Dr. Kristen Smith (she/her) completed her doctoral research in English Literature at York University. Her intermedial dissertation examines the multifaceted presence/absence of sound in varieties of visually-oriented poetry from the 1950s to the 2010s. For the selected transnational poets, she interrogates the intersections of aesthetics, cognition, and ethics. As a SSHRC Postdoctoral Fellow at the 伊人直播, Kristen will be undertaking a two-year project, “Investigating Insound: Diverse Sonic Experiences in Composing and Processing Poetry,” which has the overarching goal of exploring the sonic production and reception of poetry and reflecting on the implications of diverse readers in their processing of sound.
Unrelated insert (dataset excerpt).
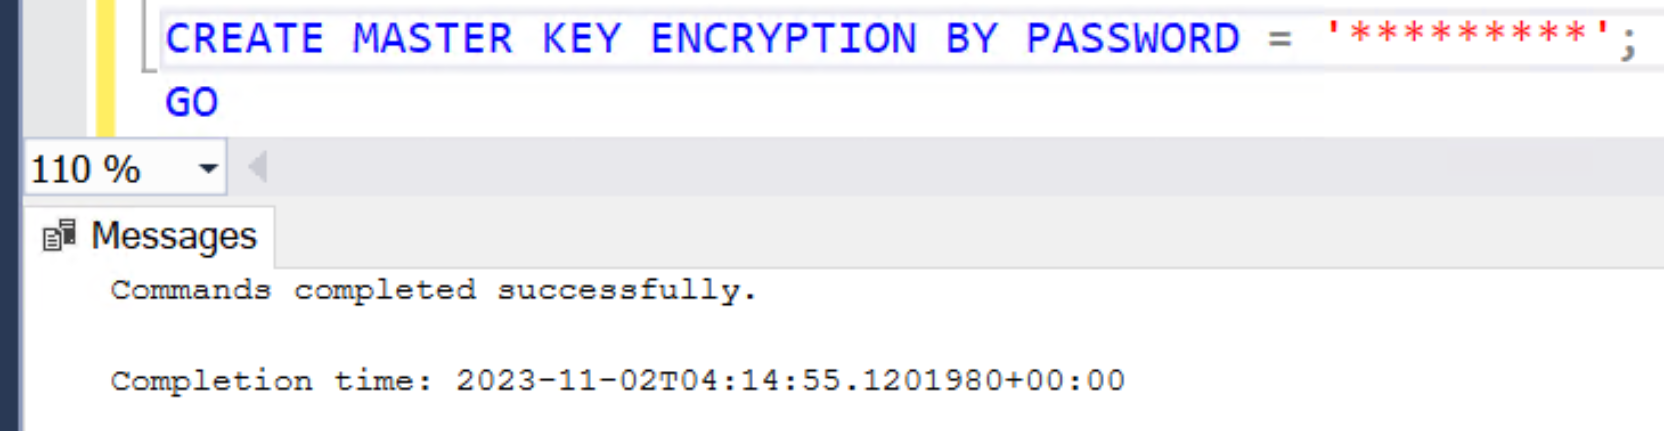 This is an example script and prompt for creating a master key encryption.

Kristen’s academic work has been published by the International Journal of Media and Cultural Politics, Interdisciplinary Discourses, Inter-disciplinary Press, Somatechnics, and [transcript]. Her work on processing non-linguistic poetry appears in the special issue of “New Sonic Approaches in Literary Studies” published by English Studies in Canada (ESC). Additionally, two chapters in separate anthologies will be published by Cambridge Scholars Publishing in Spring 2025.

As a Narrative Poetry Prize winner (2019), a Fineline Competition finalist (2020), and Pushcart Prize nominee (2021), Kristen’s creative writing is an artistic outlet. Her poetry has appeared in CanthiusMid-American ReviewNaugatuck River ReviewThe New Quarterly, and SewerLid Magazine. After winning the Graham Atlantic Writing Prize (MTA) and participating in the Writing with Style program (Banff Centre), Kristen founded the Toronto-based writers collective The Musings.

In both her academic and creative work, Kristen is interested in the creation of art in community, connection, and collaboration.